`5H_(2)C_(2)O_(4)(aq)+2MnO_(4)(aq)+6H^(+)(aq) to 2Mn^(2+)(aq)+10CO_(2)(g)+8H_(2)O(l)` Oxalic acid, `H_(2)C_(2)O_(2)` , reacts with permanganate ion accroding to the balanced equation above. How many mL of 0.0154 M `KMnO_(4)` solution are required to react with 25.0mL of 0.0208 M `H_(2)C_(2)O_(4)` solution?

To solve the problem, we need to determine how many mL of a 0.0154 M KMnO4 solution are required to react with 25.0 mL of a 0.0208 M H2C2O4 solution based on the balanced chemical equation provided. ### Step-by-Step Solution: 1. **Identify the Reaction and Stoichiometry**: The balanced chemical equation is: \[ 5 \text{H}_2\text{C}_2\text{O}_4 + 2 \text{MnO}_4^- + 6 \text{H}^+ \rightarrow 2 \text{Mn}^{2+} + 10 \text{CO}_2 + 8 \text{H}_2\text{O} \] From the equation, we can see that 5 moles of oxalic acid (H2C2O4) react with 2 moles of permanganate ion (MnO4^-). 2. **Calculate the Number of Moles of H2C2O4**: We need to find the number of moles of H2C2O4 in 25.0 mL of a 0.0208 M solution. \[ \text{Moles of H2C2O4} = \text{Molarity} \times \text{Volume (in L)} = 0.0208 \, \text{mol/L} \times 0.025 \, \text{L} = 0.00052 \, \text{mol} \] 3. **Determine the Equivalent of H2C2O4**: The n-factor for H2C2O4 can be determined from the reaction.
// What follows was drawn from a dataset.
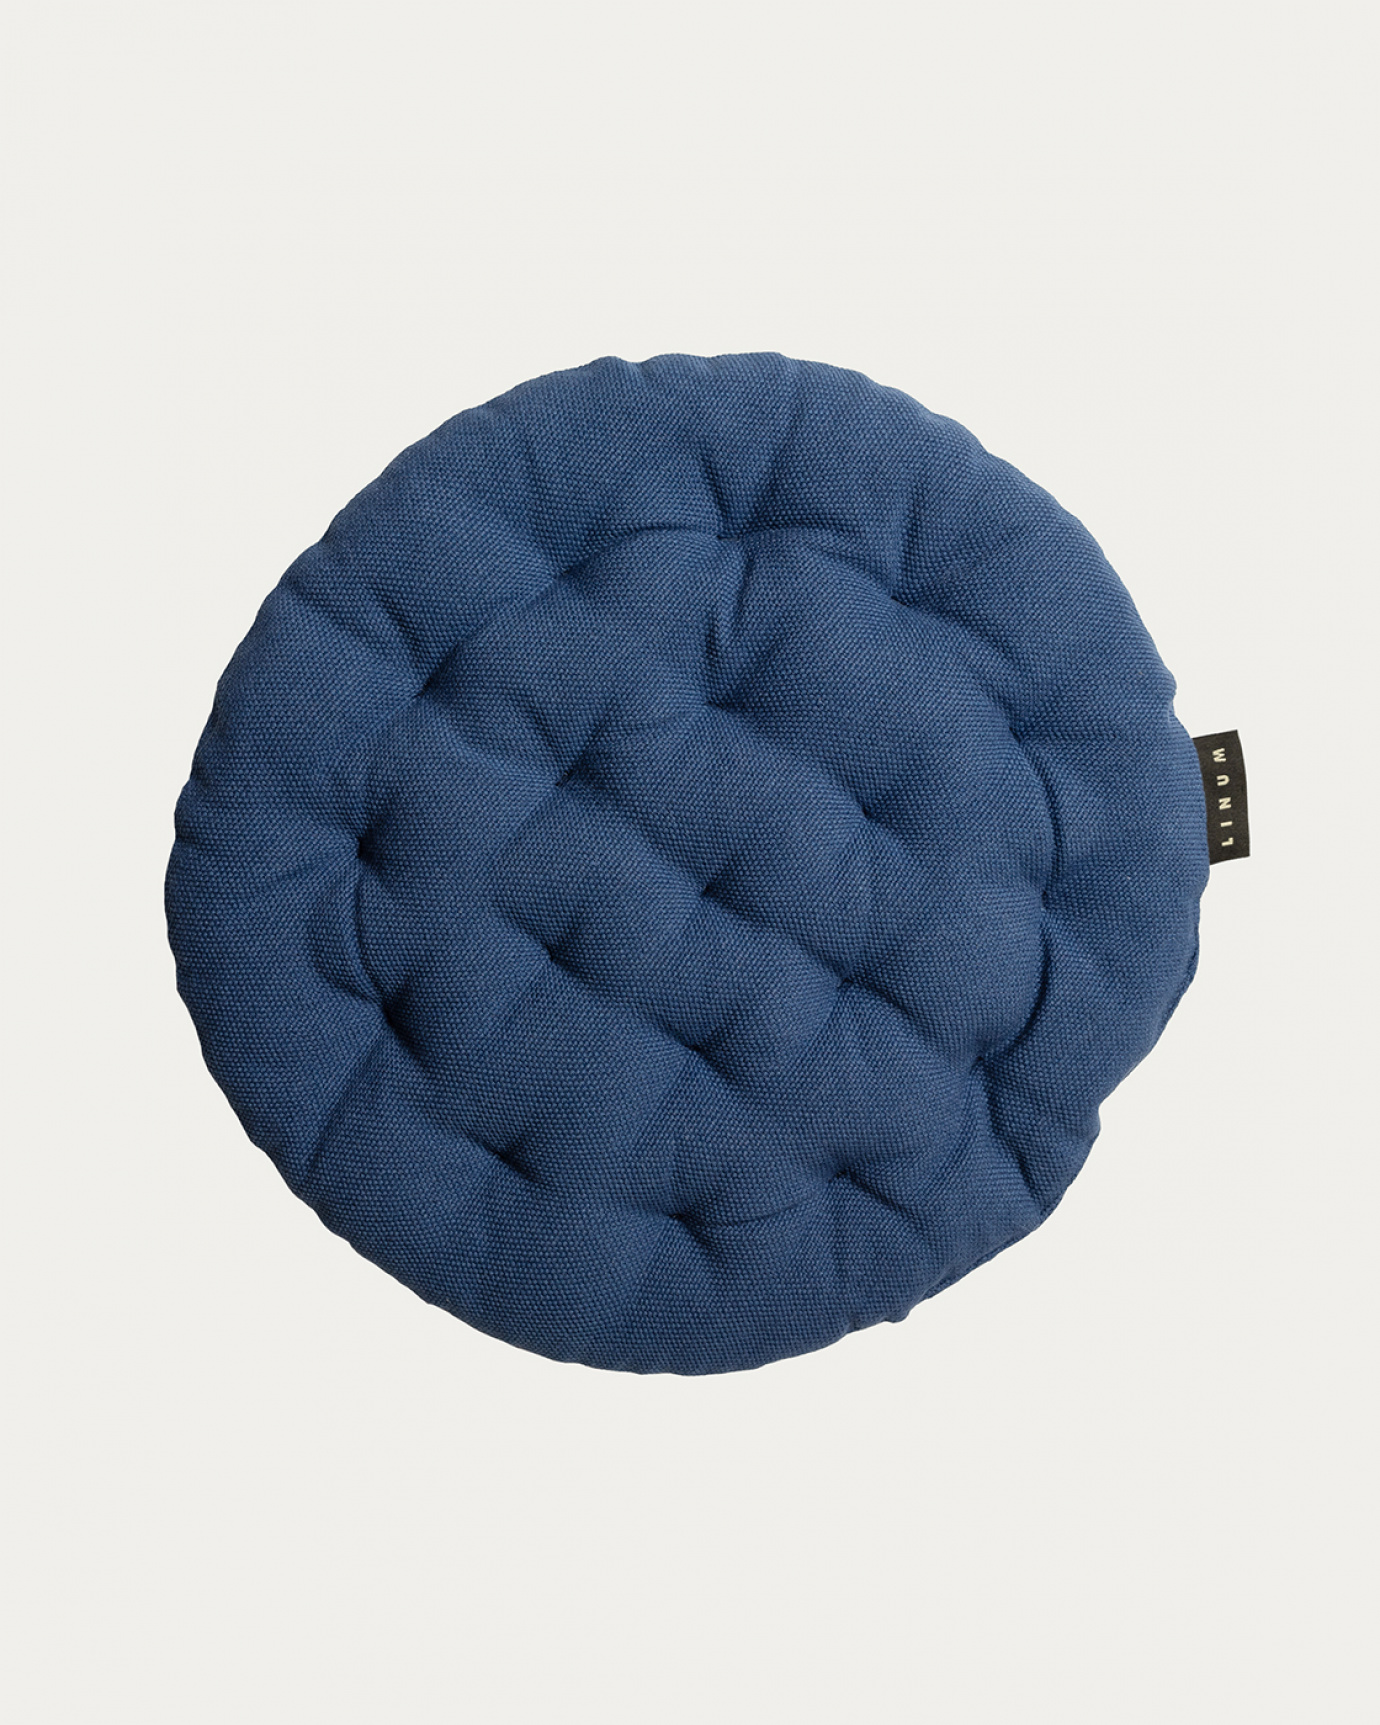 Immagine prodotto blu indaco PEPPER cuscini sedie di cotone con imbottitura in poliestere di LINUM DESIGN. Dimensioni ø37 cm.

Since 5 moles of H2C2O4 yield 10 moles of CO2, the n-factor is 2 (as each mole of H2C2O4 provides 2 moles of CO2). \[ \text{Equivalents of H2C2O4} = \text{Moles} \times \text{n-factor} = 0.00052 \, \text{mol} \times 2 = 0.00104 \, \text{equivalents} \] 4. **Calculate the Equivalents of KMnO4 Needed**: From the stoichiometry of the reaction, 2 moles of MnO4^- react with 5 moles of H2C2O4, which means the n-factor for KMnO4 is 5. \[ \text{Equivalents of KMnO4} = \text{Equivalents of H2C2O4} = 0.00104 \, \text{equivalents} \] 5. **Find the Volume of KMnO4 Required**: Using the molarity of KMnO4 (0.0154 M), we can find the volume required to provide 0.00104 equivalents. \[ \text{Volume (L)} = \frac{\text{Equivalents}}{\text{Molarity}} = \frac{0.00104 \, \text{equivalents}}{0.0154 \, \text{mol/L}} = 0.0675 \, \text{L} \] Converting to mL: \[ \text{Volume (mL)} = 0.0675 \, \text{L} \times 1000 \, \text{mL/L} = 67.5 \, \text{mL} \] 6. **Final Calculation**: Since we need to find the volume of KMnO4 that corresponds to the equivalents of H2C2O4, we need to adjust based on the stoichiometric ratio from the balanced equation: \[ \text{Volume of KMnO4} = \frac{0.00104 \, \text{equivalents}}{5/2} = 0.000416 \, \text{equivalents} \] \[ \text{Volume (mL)} = \frac{0.000416 \, \text{equivalents}}{0.0154 \, \text{mol/L}} \times 1000 \, \text{mL/L} = 27.0 \, \text{mL} \] ### Final Answer: The volume of 0.0154 M KMnO4 solution required to react with 25.0 mL of 0.0208 M H2C2O4 solution is approximately **27.0 mL**.